It always upsets me when I see people my age disparaging The Beatles. I grew up on my parents’ music, and I held very narrow and elitist views about what constituted “good” pop for a really long time. I’m not like that anymore — I’ve had a lot more fun in my life since I opened myself up to enjoying all kinds of music from all kinds of artists born at all kinds of times. But it’s never made any sense to me that people I know can fawn over the latest Harry Styles album without recognizing harmonies and melody lines that could have been plucked right from a Paul McCartney tune. How can you love a descendent more than where it comes from?
And then I watched Rosemary’s Baby (1968) for the first time, in 2020, and I was a little embarrassed about the way I’ve talked about any other good horror movie I’ve ever seen.

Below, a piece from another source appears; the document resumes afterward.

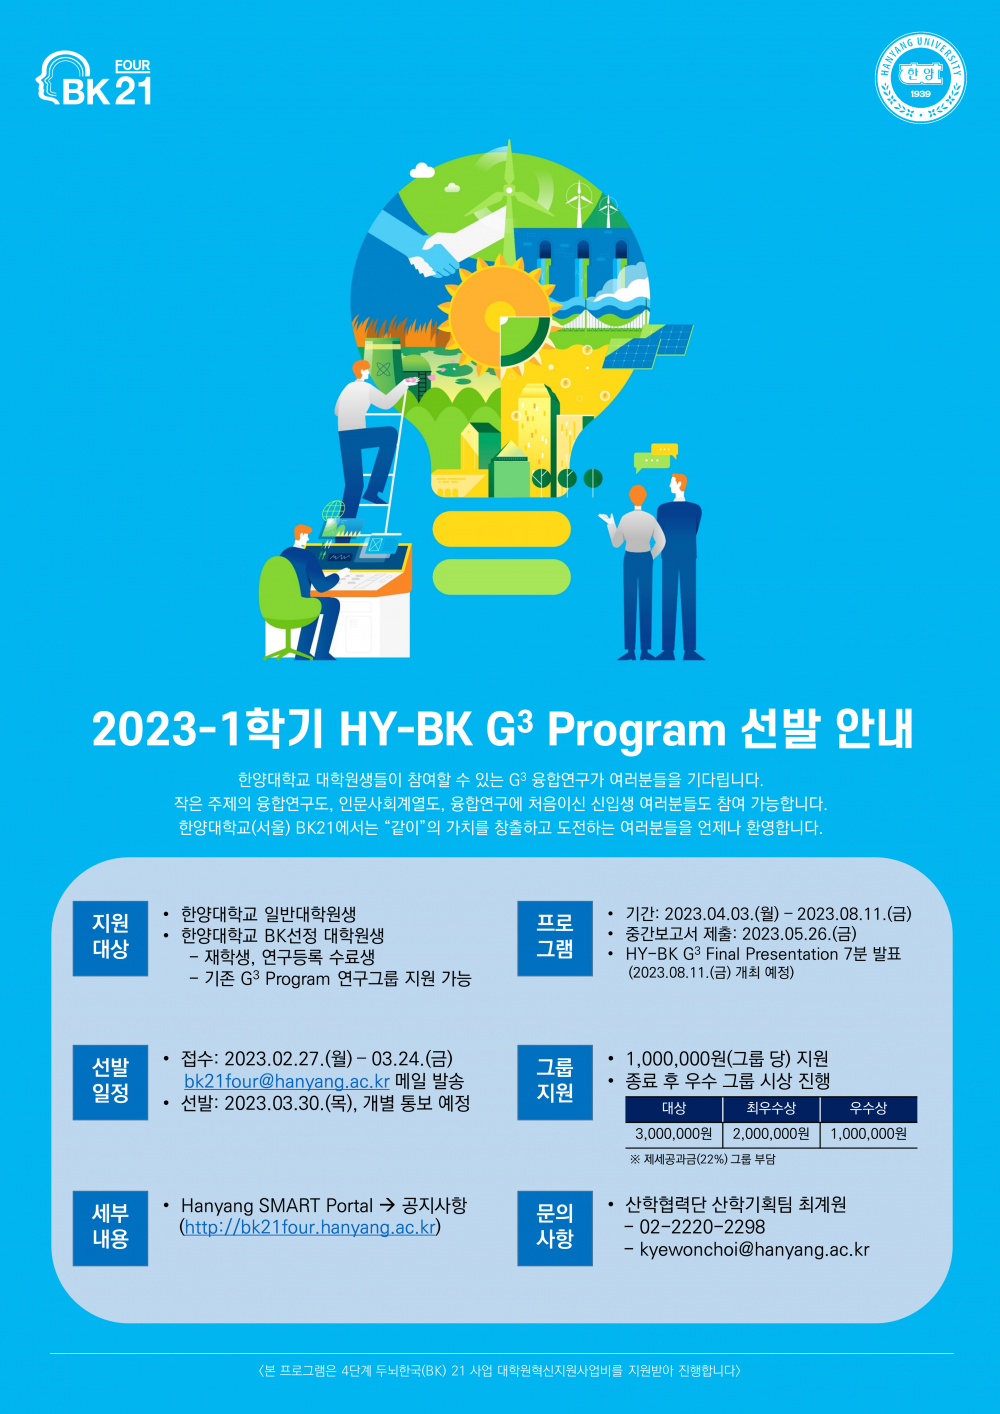 붙임 3. 2023-1학기 HY-BK G3 Program 포스터

I credit Hereditary (2018) with making me a horror fan. I’d never seen anything like it when I went to see it by myself in theaters (I miss movie theaters. I miss movie theaters so much). It terrified me, and it was also a well-acted, well-established story. It turned every conception I’d had about horror films on its head. It was not cheesy; in fact, for something so high-concept, it was so, so real.
It was also, like, the fifth horror movie I’d ever seen in my whole life. I walked around talking about it like I’d just been born-again, asking everyone I’ve ever known if they’d heard the good news about Ari Aster. Horror is good now, I said, without a concept of horror ever having been good before.

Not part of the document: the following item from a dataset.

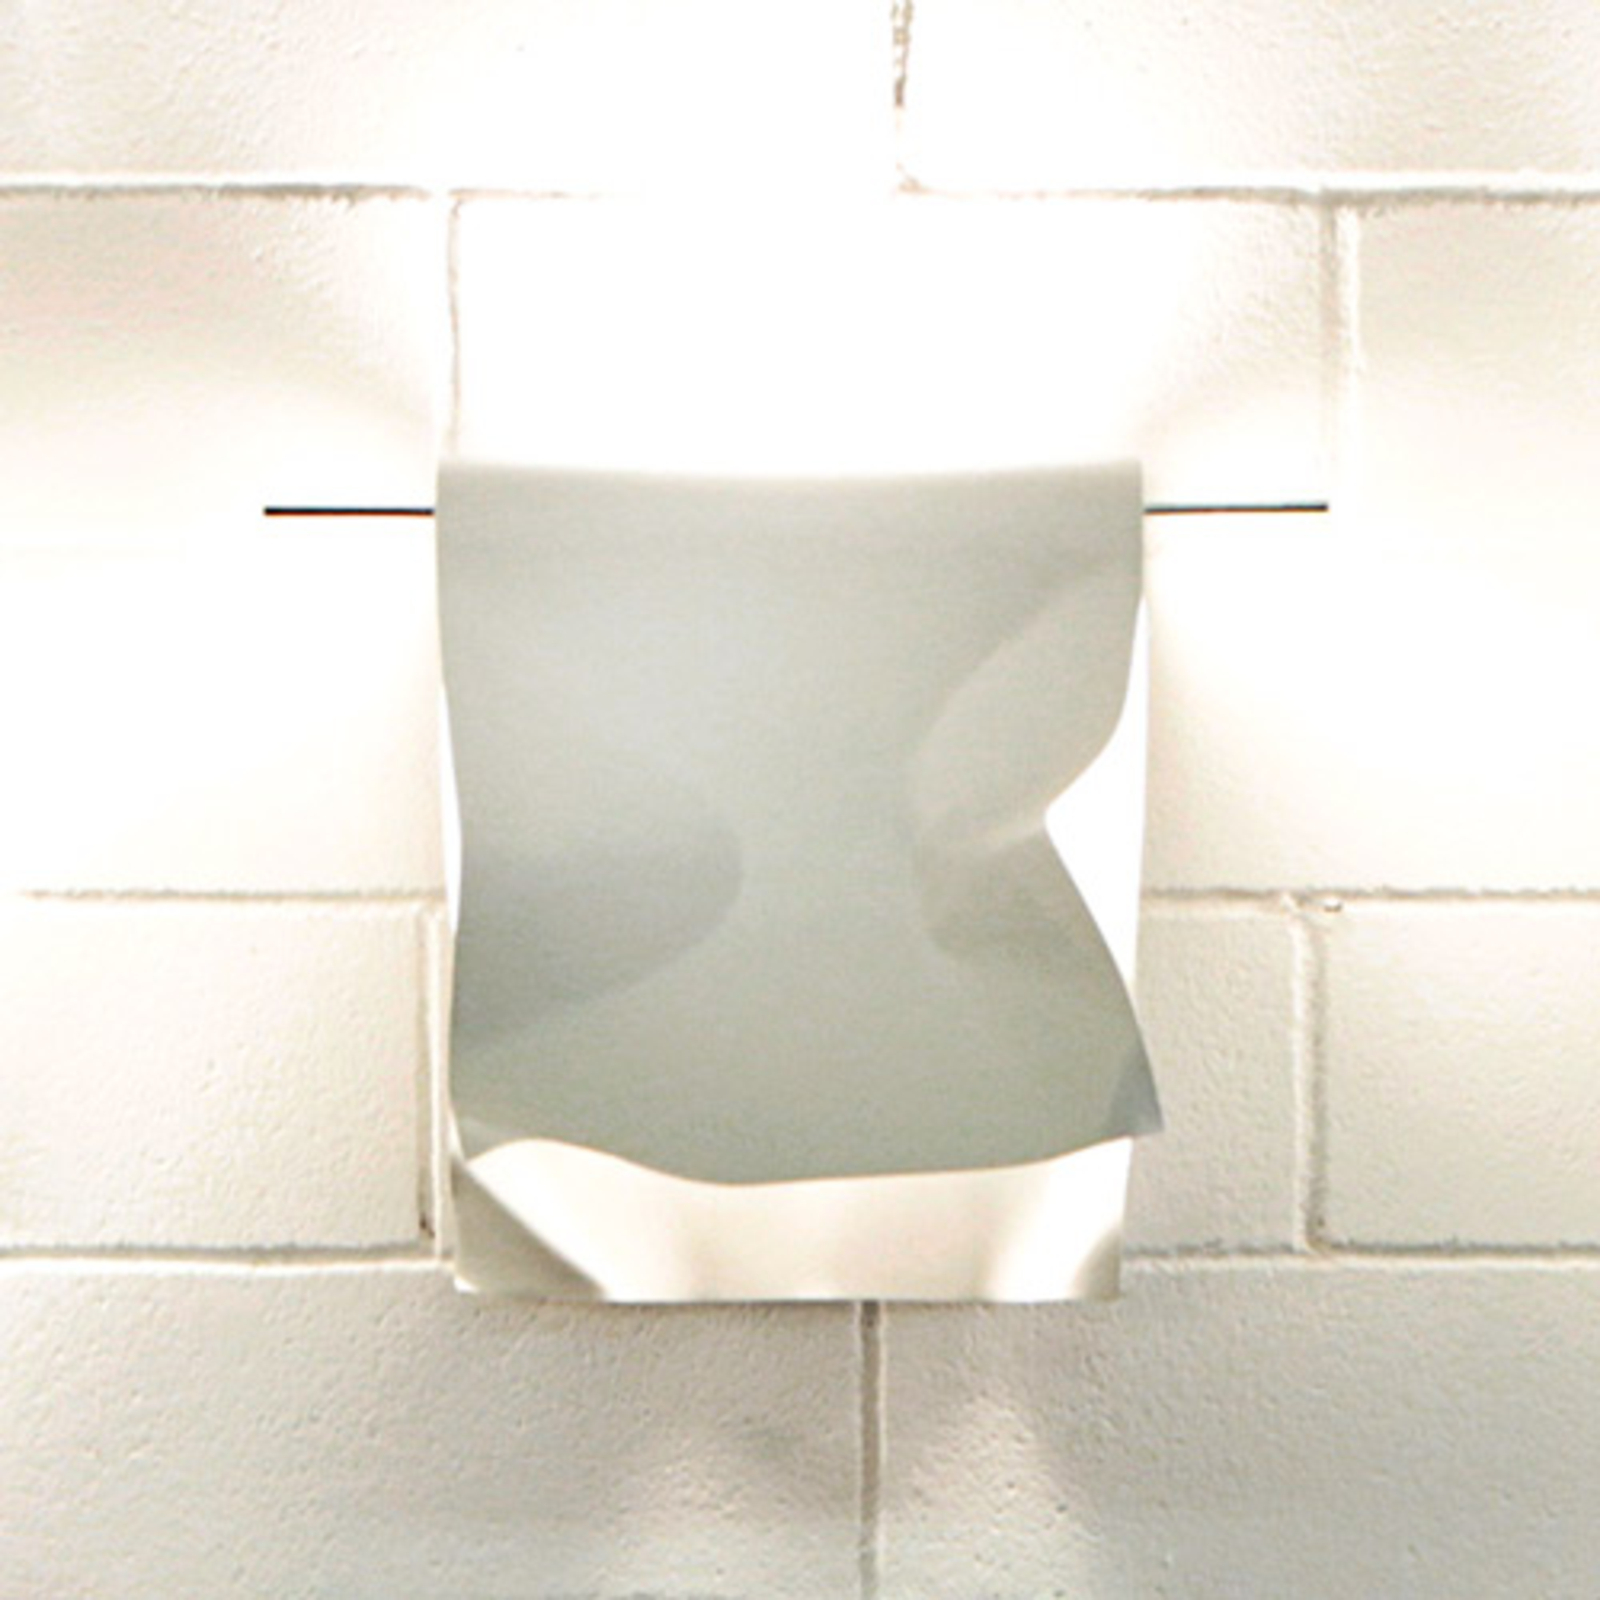 Knikerboker Stendimi - bílé nástěnné LED svítidlo 40 cm

So much of Hereditary is owed to Rosemary’s Baby. So much of every good horror movie I’ve ever seen is owed to Rosemary’s Baby. And I’m not actually embarrassed about the ways I’ve talked about these other movies, because it’s actually really cool to have the context now. Being able to trace the lineage of my favorite movies to earlier movies is a massive credit to that original source material.
It’s a massive credit to the material, and, if auteur theory is to be believed, the director. I talked about this when I wrote about Terry Gilliam and Time Bandits, but I think there’s a point where you can no longer separate an artist from their art. This was my first Roman Polanski film, and, while my experience watching was overall positive, it was hard to look past all of the pop lore I know about him.

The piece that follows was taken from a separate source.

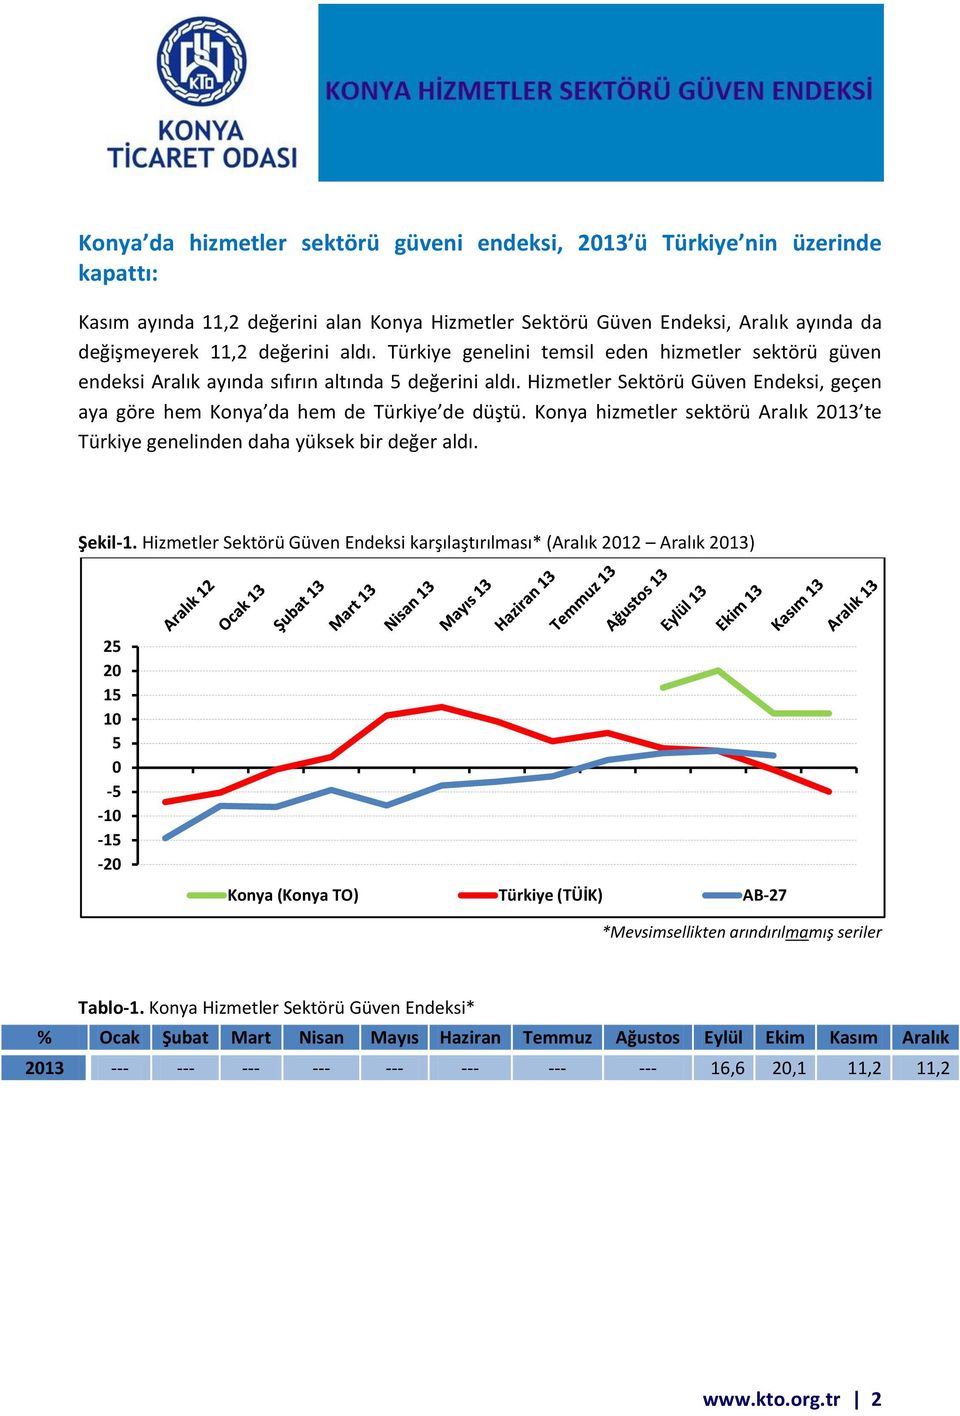 Konya hizmetler sektörü Aralık 2013 te Türkiye genelinden daha yüksek bir değer aldı. Şekil-1.

Rosemary’s Baby is about a woman slowly losing her entire community to a satanic cult. She is brutally raped in her sleep by Satan, and her husband… covers for Satan, and tells her it’s no big deal, and downplays the rape to a marital necrophiliac fantasy (yikes!). No one believes Rosemary when she tells them what’s going on, but we do, because we’ve seen it all happening to her.
It’s difficult to reconcile this somewhat sympathetic framing alongside Polanski’s own brutal rape allegations. It’s difficult to reconcile the ways Rosemary’s Baby plays with baseless ancient Jewish blood libel conspiracy theories (the doctor’s last name had to be Saperstein?) alongside Polanski’s Jewish heritage and Holocaust survivor status. It’s hard to believe a person could make a movie that condemns himself, but Woody Allen does it all the time. I guess there is a history of troubled people working out that trouble through the art they produce.
I wonder about tongue-in-cheekness in Rosemary’s Baby. I wonder what it would have been like to watch it in 1968, with none of the context of the 50+ years of movies that came after. My friend and I caught on to Guy’s involvement in the cult relatively early on. When we talked about it after, we figured out that it was because we saw Rosemary and Guy’s relationship as antiquated and old fashioned. Rosemary as lonely housewife to Guy’s struggling actor breadwinner in this big, beautiful apartment seemed unrealistic, and therefore fishy. But — Rosemary’s Baby came out in 1968, and takes place in 1966. 1968 is the year they killed MLK and RFK, the year of massive social upheaval, the year before Woodstock. Wouldn’t Rosemary and Guy’s relationship also have seemed antiquated and unrealistic, and therefore fishy, back then?
There’s no way to know how people experienced this movie when it was new, but it is pretty special that it still works 50 years later, with so many successors, and so much pain and awfulness surrounding its director.